И как же я мог сказать: «Нет» — ведь сама природа говорила, что не могло быть ничего мрачного, и что все, конечно же, хорошо закончилось. Более того, я ждал, что сейчас вот раздастся голос Вероники, и ее дыханье, и ее свет, пропоет что-то обласкает, поцелует меня… И вновь я слышал голос девочки:
— Я знаю, что вы должны написать, но… Я во сне видела, что она жива… Мы с ней в снежки играли… Да, да — только это был не обычный жесткий и тяжелый снег — он из света был слеплен. Так то…
— Да, да… — шептал я, или пел, или смеялся, или плакал, а, скорее — все эти чувства тогда во мне были. — …Я и об этом писал. Так оно и было, конечно…
И, пока не прекратилось это виденье, я был уверен, что действительно, Вероника, и все они живы, что все они счастливы, что все они в той далекой стране.
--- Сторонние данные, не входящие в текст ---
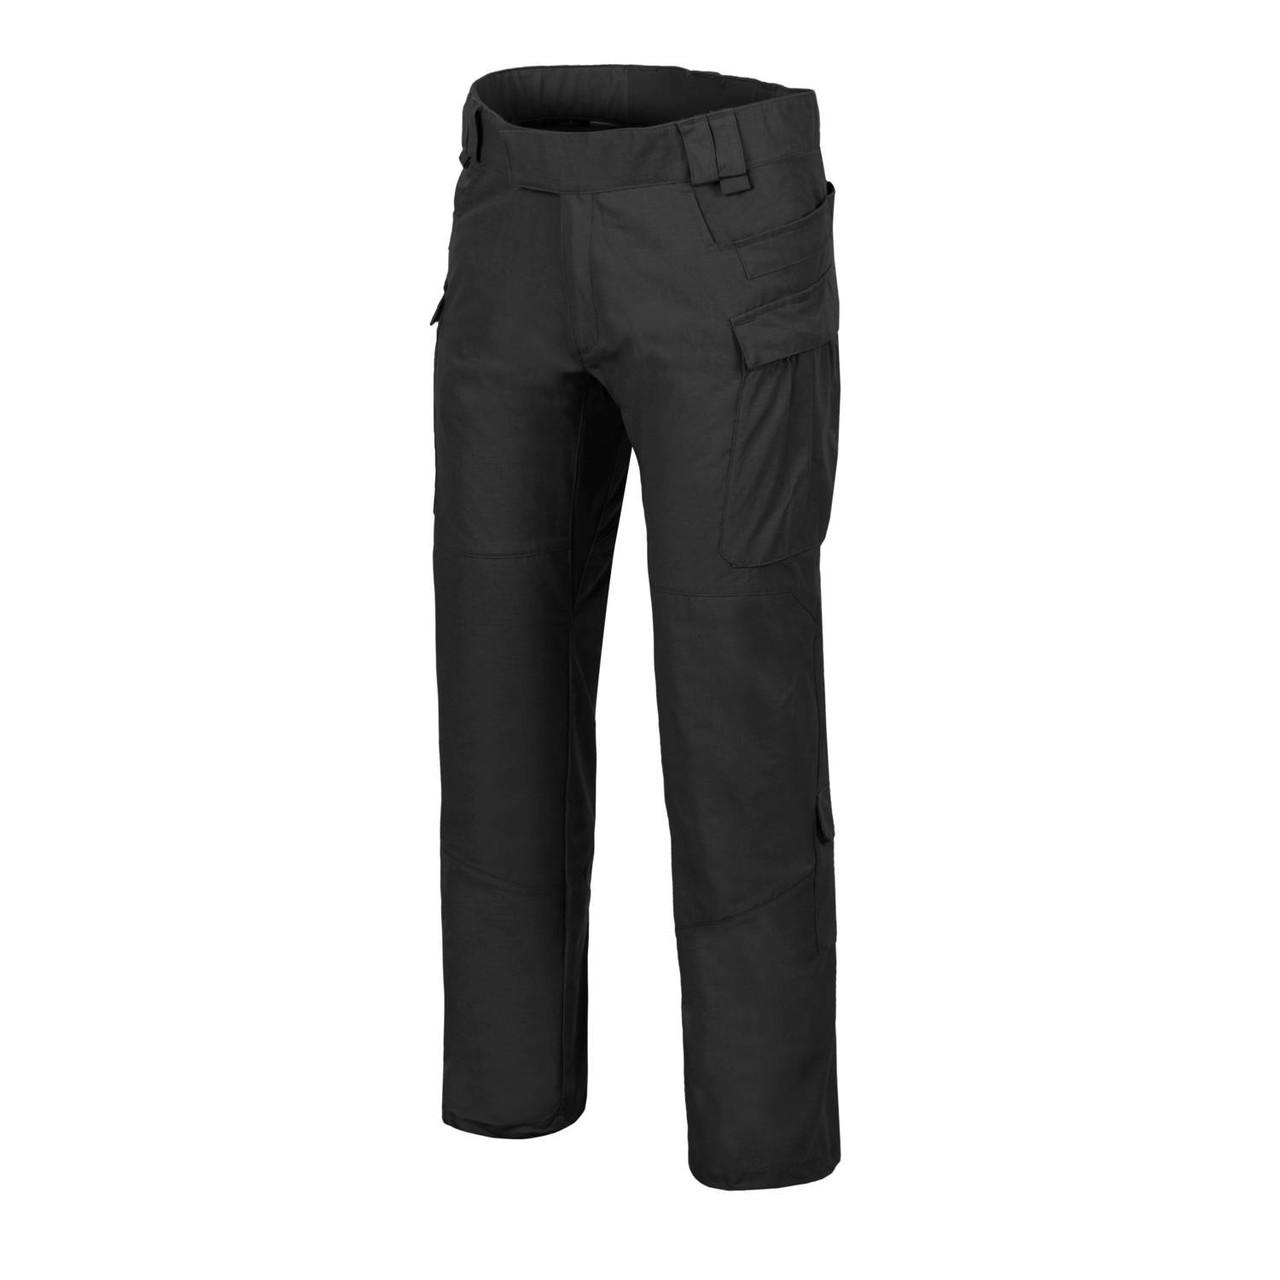 Штани Helikon-Tex® MBDU® Trousers - NyCo Ripstop - Black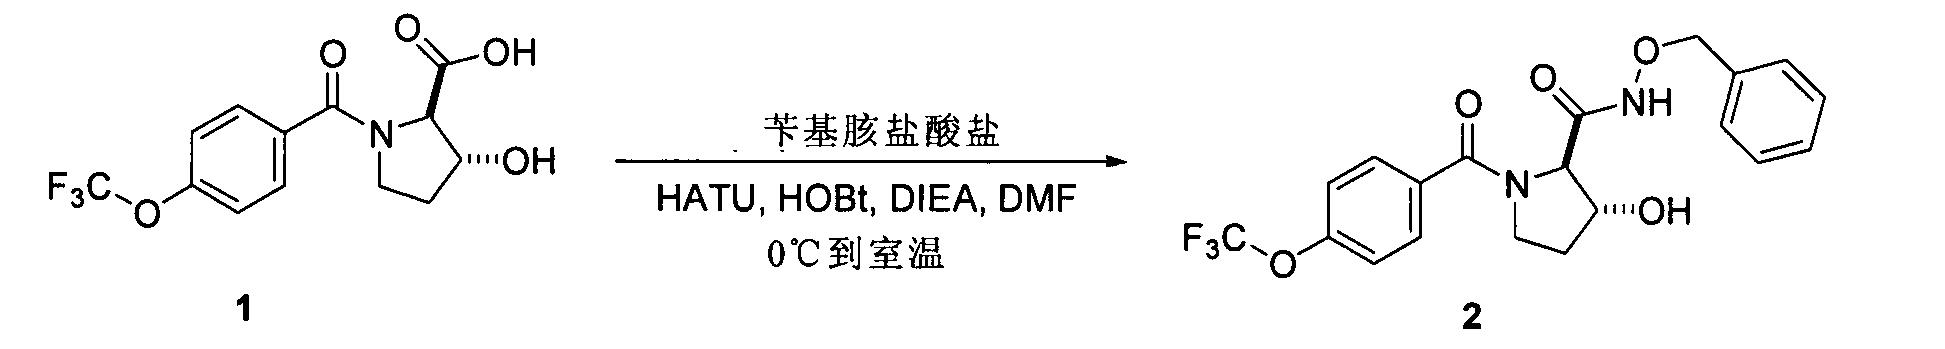 Figure CN102267924AD00622

Пока я парил там, в воздушном танце, я и забыл, что где-то существует зло…
Вероника была еще жива. Сильнэм сдавил ее так, что она не могла пошевелится, да и чувствовала, что, ежели хоть немного пошевелится, то шея не выдержит, и жизнь ее прекратится. Она плакала от жалости к нему, и слышала сонеты Робина — хотела и на него взглянуть хотя бы в последний раз.
Так как Цродграбы двигались всем родом, то были среди них и женщины и дети; и хотя эти слабые создания в основном все погибли — кое-кто еще чудом остался. Совсем маленький, лет пяти ребенок, весь залепленный грязью, тощий — даже и не понять было — мальчик это, или девочка. Этот ребенок был разлучен с матерью (их разорвала в разные стороны толпа) — и вот теперь он бежал, носимый в живом потоке, кричал, отчаянно, жалобно матушку свою звал. И вот голос этого ребеночка и услышала Вероника — и как душу ее полоснуло, и поняла она, что, несмотря на свою утомленность, не имеет права покидать этого хаоса, что она еще как-то должна бороться — за этого вот ребеночка бороться. Даже, если бы у нее и была физическая сила — она бы никогда эту силу не применила — но она ведь даже пошевелится не могла, даже и слова не могла вымолвить…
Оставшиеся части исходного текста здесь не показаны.